The trend can’t be ignored any longer. Amazon Web Services, the cloud-computing business that last year churned out more than $12 billion in revenue for Amazon, is slowing down.

Amazon said April 27 that AWS contributed $3.7 billion in revenue in the latest quarter, a 43 percent increase from the same period the previous year. That marks the seventh consecutive quarter that year-over-year growth in AWS has slowed.

(Overall, Amazon beat expectations in the first quarter, with sales up 23 percent year-over-year to $35.7 billion and net income that rose 41% from the previous year to $724 million. The stock is up 3.7 percent in after-hours trading.)

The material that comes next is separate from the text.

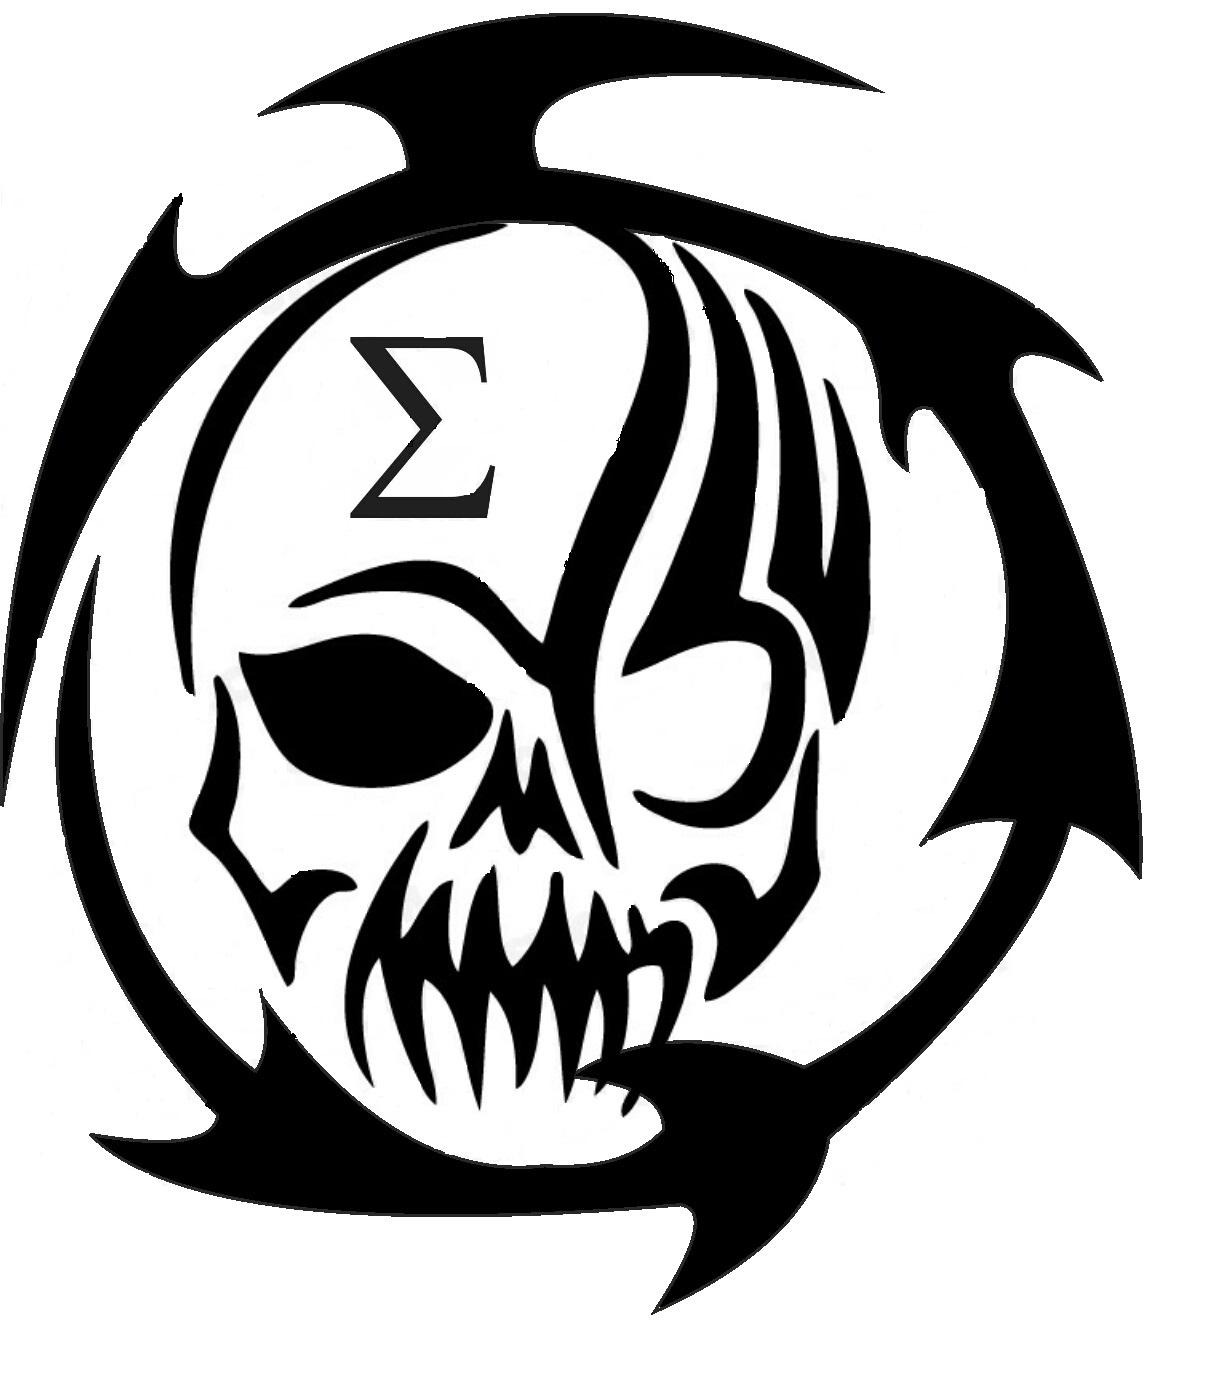 Greek god cronus symbol gallery symbol and sign ideas photo collection hades greek god symbol olive branch with skull symbol of greek god hades stock biocorpaavc

On some level, the slowdown is to be expected. AWS was a smaller business two years ago making off-the-charts growth rates easier to attain. The 81.5% growth that AWS reported in the second quarter of 2015, and the 78 percent growth it reported in the one after that, were hardly bound to last. And most companies would kill for a multibillion-dollar business growing at a 40 percent clip.

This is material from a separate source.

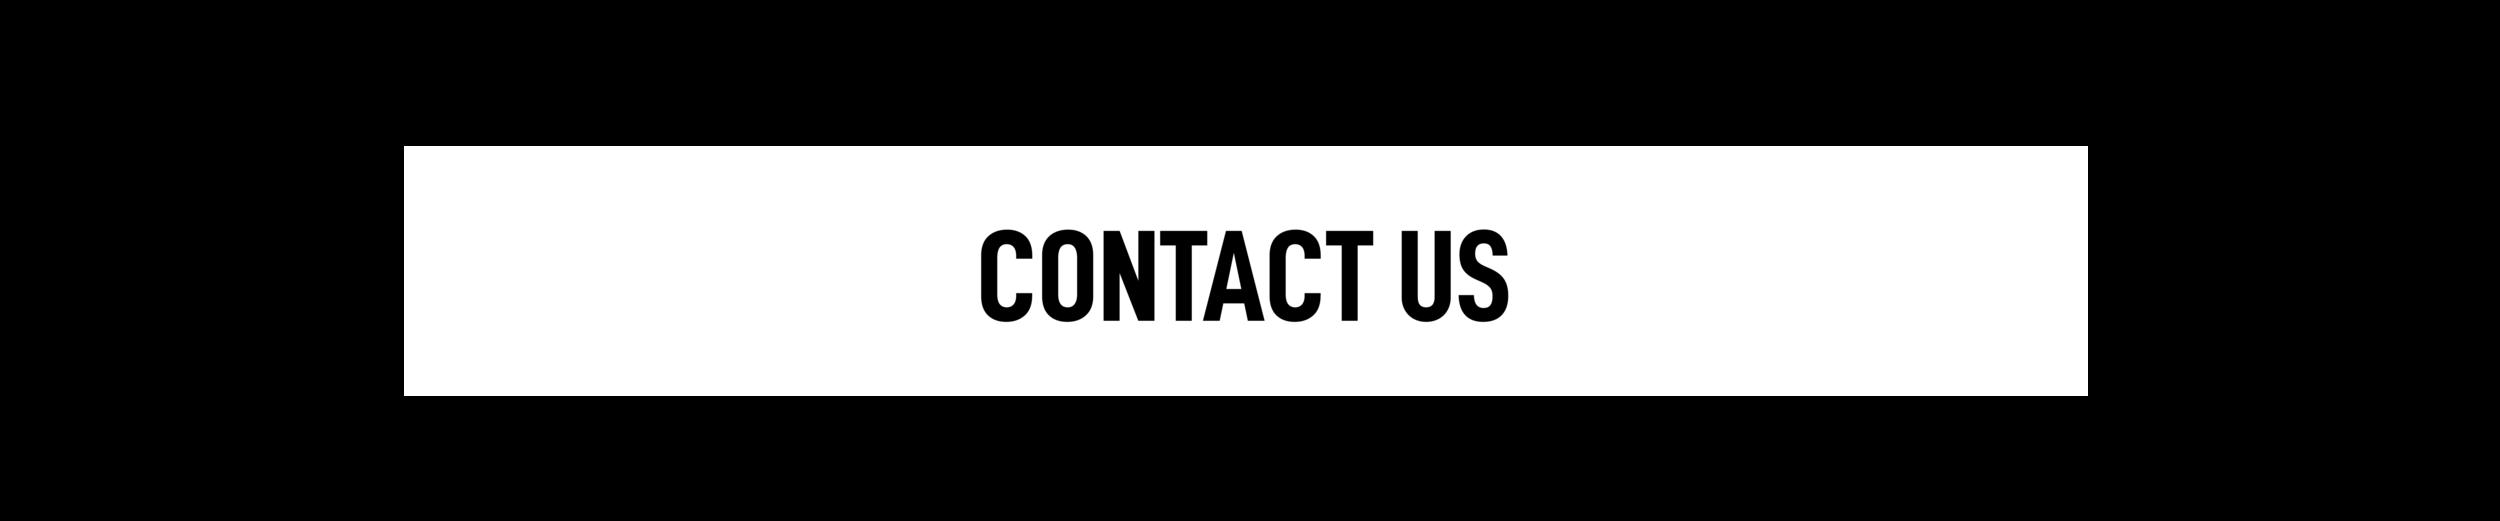 Contact Us Header-01.png

But cloud-computing is thought to be a commodity business, meaning customers will go to the service that offers the most for the lowest price. Amazon’s competitors in infrastructure cloud services include Microsoft, IBM, Google, and Salesforce. Amazon has a handy lead, but that doesn’t mean it will stay ahead. Microsoft Azure is growing more quickly than AWS, up 93 percent year-over-year for each of the last two quarters. Google believes its prowess in artificial intelligence gives it a competitive advantage.